What you're describing is what would historically fall under an OLAP solution. If you can handle some lag time in your data then perhaps a solution such as SQL Server Analytic Services (SSAS) could provide you a solution. You could read data from these tables, perhaps via some secondary reporting server to not affect your operational database, and then perform these aggregations and processing of data you described.

However, this problem also has some newer solutions we see in the Big Data realm with a specific focus on "Velocity" not necessarily "Volume" of data. Velocity can mean either the processing of relatively static data quickly or the processing of dynamically changing data that is actively being ingested by the DB.

A second option is to allow a contemporary "NewSQL" database engine, such as VoltDB, to do this for you. VoltDB handles a lot of this "indexing" as you referred to it and it does so in real-time as opposed to per-aggregated data that may not be current. There are always performance tradeoffs when performing aggregations across many tables as opposed to a specific table but in my experience an in-memory DB engine, such as Volt, can beat traditional OLAP solutions when considering many metrics including processing speed and management.

Another option is to use the Map Reduce framework many DB engines support today.
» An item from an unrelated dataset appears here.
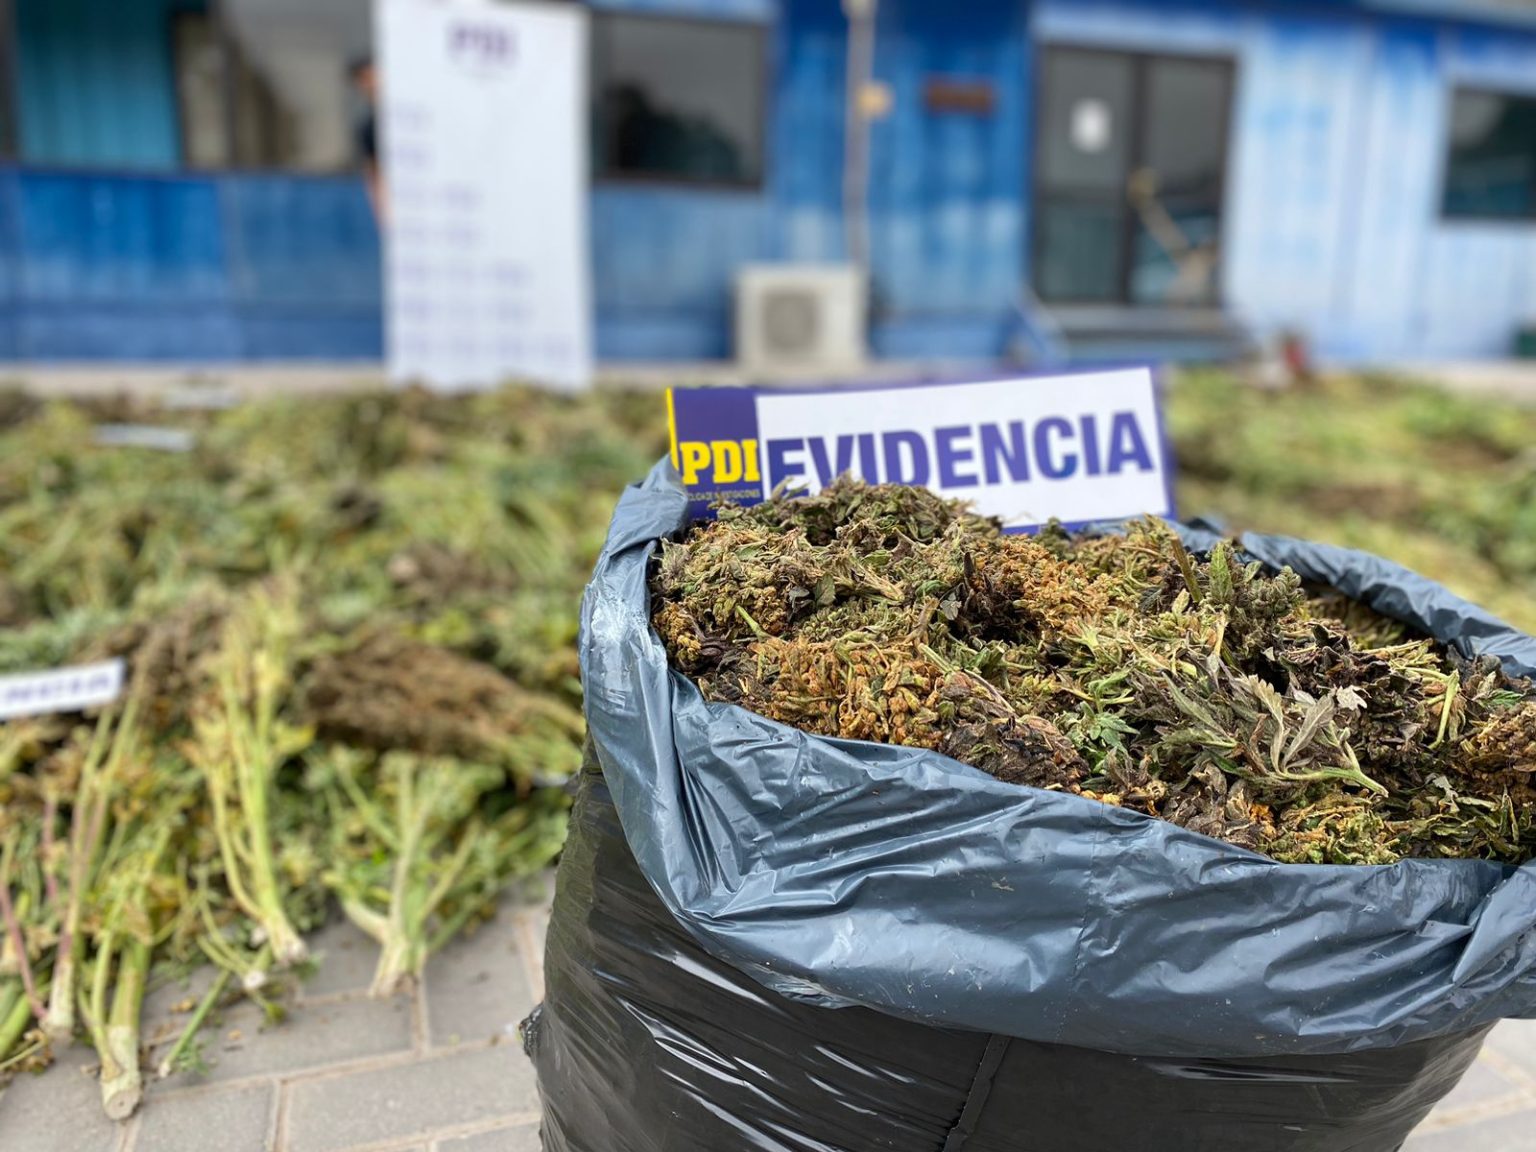 PDI realizó nuevo hallazgo de plantación de Cannabis en sector precordillerano de Atacama

This implies that you're happy with off-line processing of a problem\query as opposed to real-time processing.

It's not an exhaustive list but hopefully that gives you some other ideas. I know that the triggers you are speaking of can easily spiral out of control due to hotspots in your tables especially if your SQL is not optimized. The one recommendation I will strongly make is to definitely get this processing off of your operational server and do this on a secondary replica\reports server.